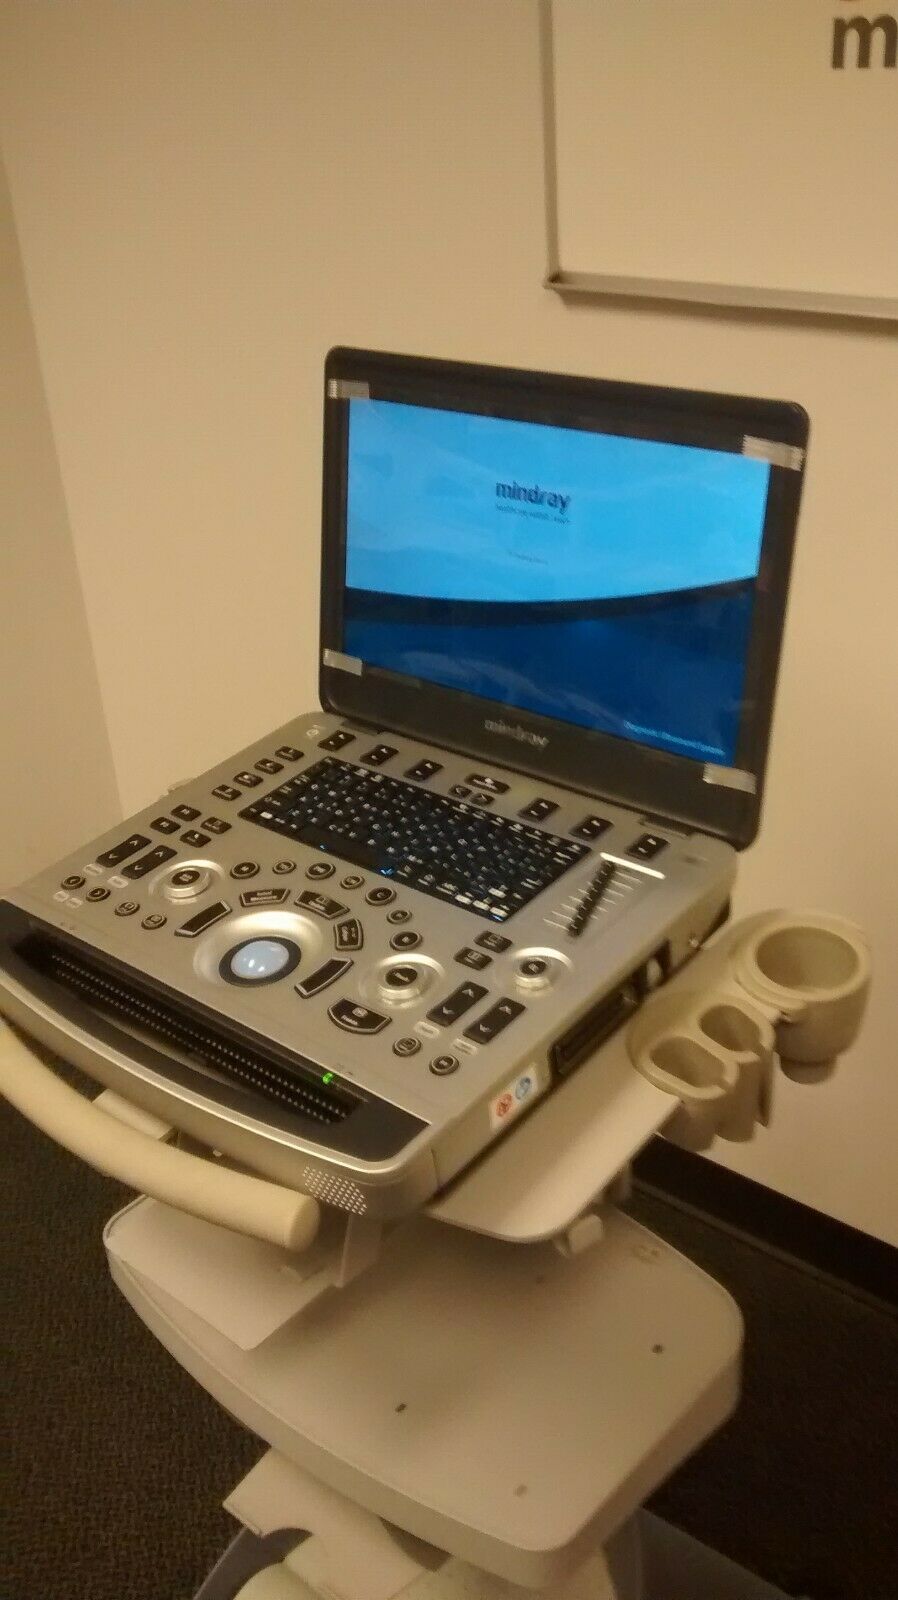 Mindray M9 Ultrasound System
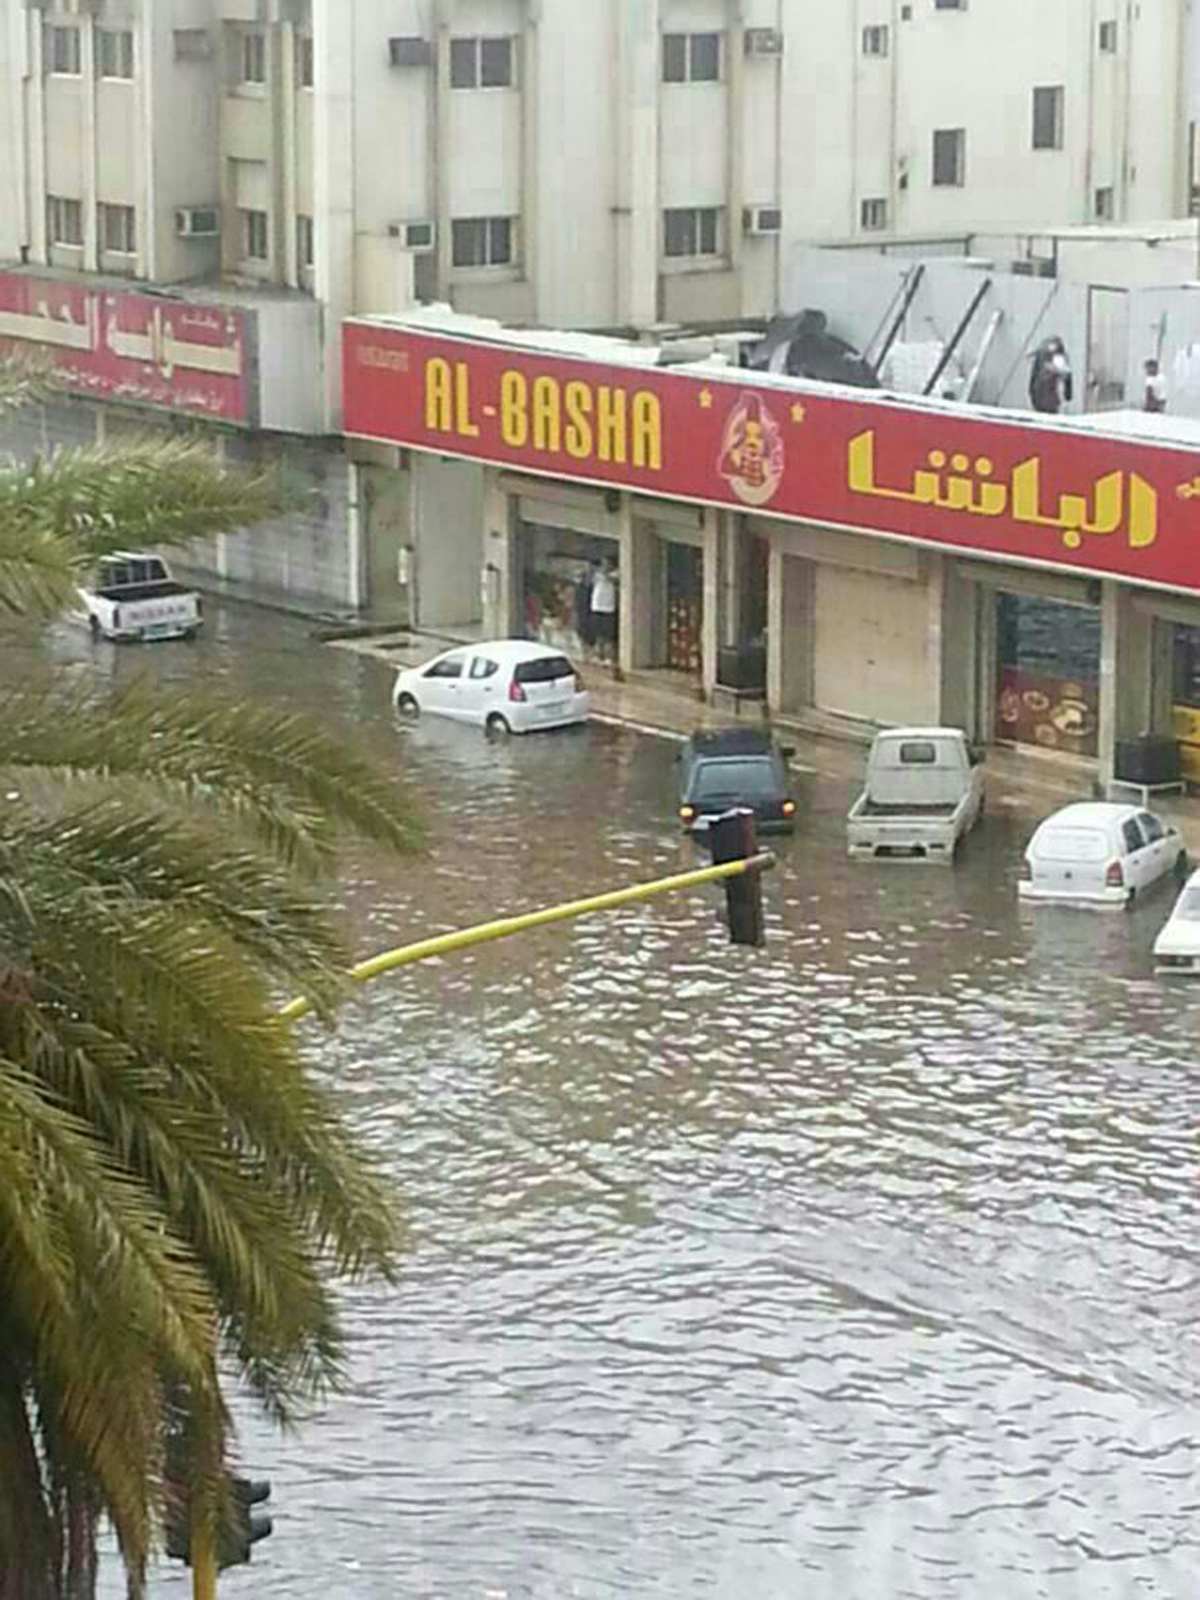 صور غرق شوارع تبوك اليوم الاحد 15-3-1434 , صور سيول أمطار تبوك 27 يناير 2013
...
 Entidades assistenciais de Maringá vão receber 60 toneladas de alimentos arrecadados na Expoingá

Assignment:
All lines above from the one containing "Mindray M9 Ultrasound System" up to and including the one containing "صور غرق شوارع" are to be set down exactly, and nothing else. Leave images out.

Finished exercise:
 Mindray M9 Ultrasound System
 صور غرق شوارع تبوك اليوم الاحد 15-3-1434 , صور سيول أمطار تبوك 27 يناير 2013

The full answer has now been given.